Delayed OH is defined as a drop in blood pressure that does not occur until after at least 3 minutes of standing.1 One study found that patients with delayed NOH were younger and had smaller drops in blood pressure during the Valsalva maneuver, suggesting that delayed OH may represent earlier or less severe autonomic failure63; however, longitudinal studies have not been performed to confirm this.
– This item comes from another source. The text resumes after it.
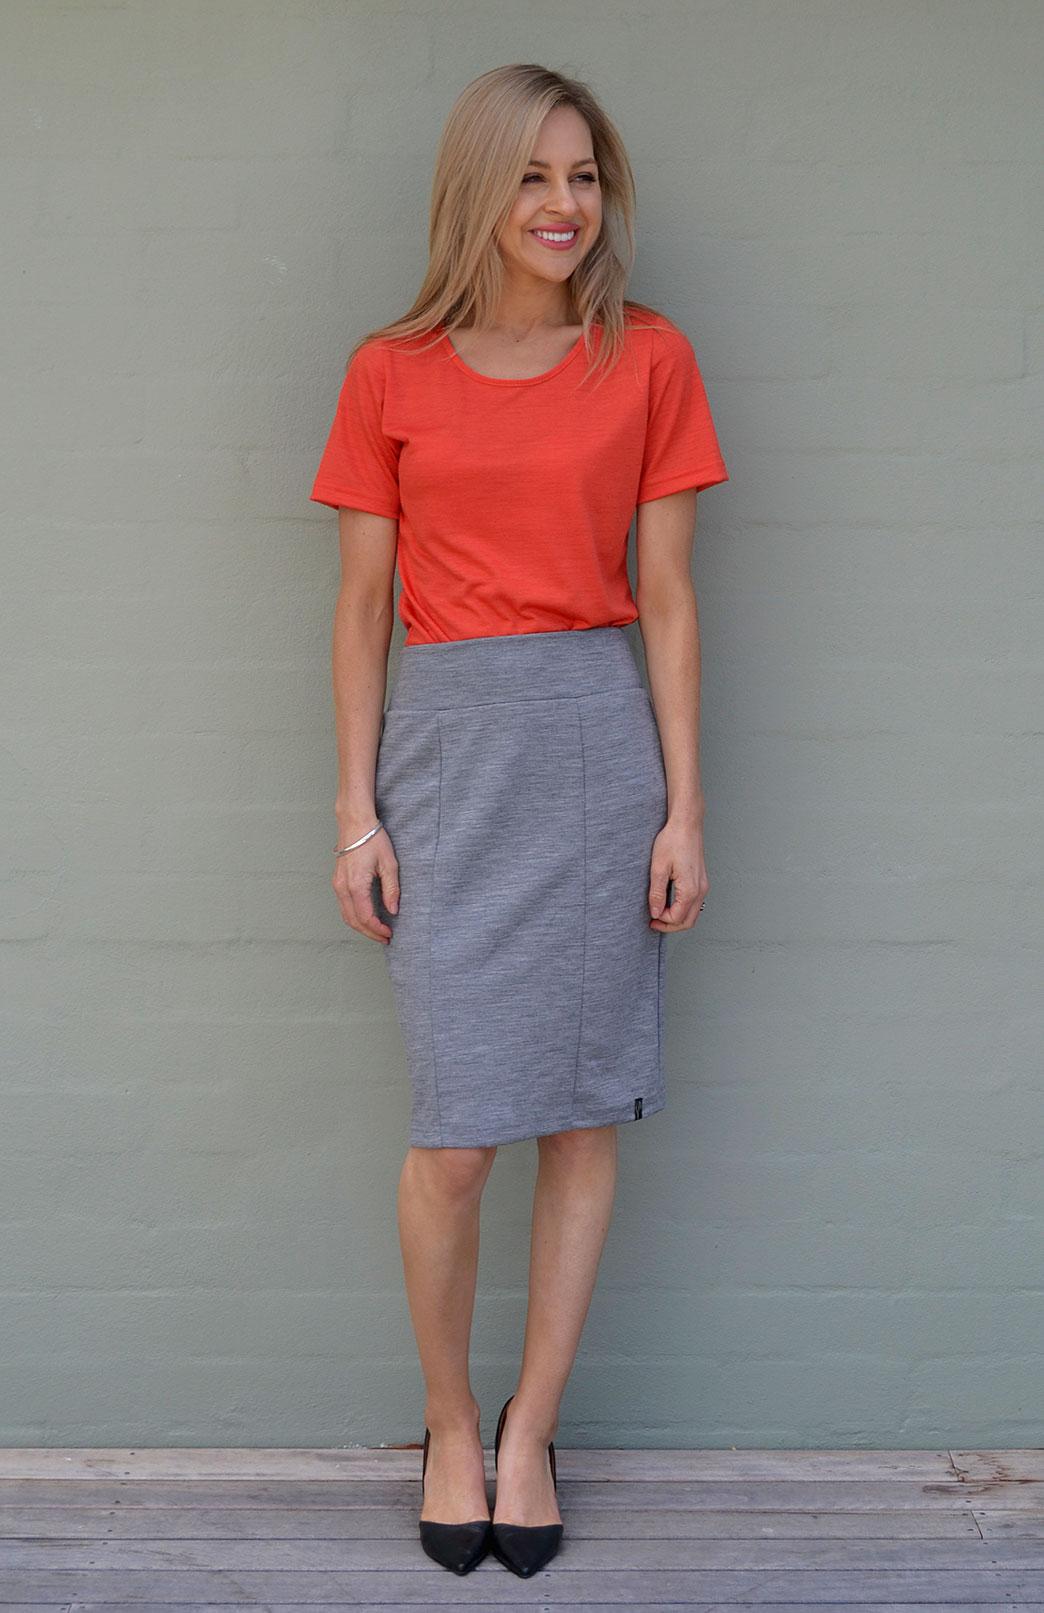 Rubie Top - Women's Pure Merino Wool Paprika Orange Short Sleeved Round Neck Top - Smitten Merino Tasmania Australia

A study in more than 600 patients undergoing prolonged tilt testing used logistic regression to determine the minimum duration of testing needed to detect delayed OH.64 The study results showed that 30 minutes was long enough to detect delayed OH in patients aged at least 65 years, while 40 minutes was necessary in younger patients.

Ambulatory blood pressure monitoring (ABPM) can capture the wide fluctuations in blood pressure experienced by patients with NOH. It can help confirm the diagnosis in patients who report OH symptoms but have equivocal blood pressure measurements in the office or on the tilt test.65 ABPM records only blood pressure and not posture, so its utility can be enhanced by documenting the patient’s posture during monitoring.10 It also has a role in the diagnosis and monitoring of SH.66 A study that compared ABPM with office tilt test measurements found that supine office blood pressure values were pre-dictive of nocturnal SH.65 A study that enrolled 74 patients with MSA or PD with and without autonomic failure compared 24-hour ABPM with HUT to diagnose OH.67 Using the standing test during 24-hour ABPM, a reduction in SBP of at least 20 mm Hg had sensitivity and specificity of 82% and 100% (area under the curve 0.91; 95% CI, 0.84-0.98), respectively, in differentiating between patients with and without OH.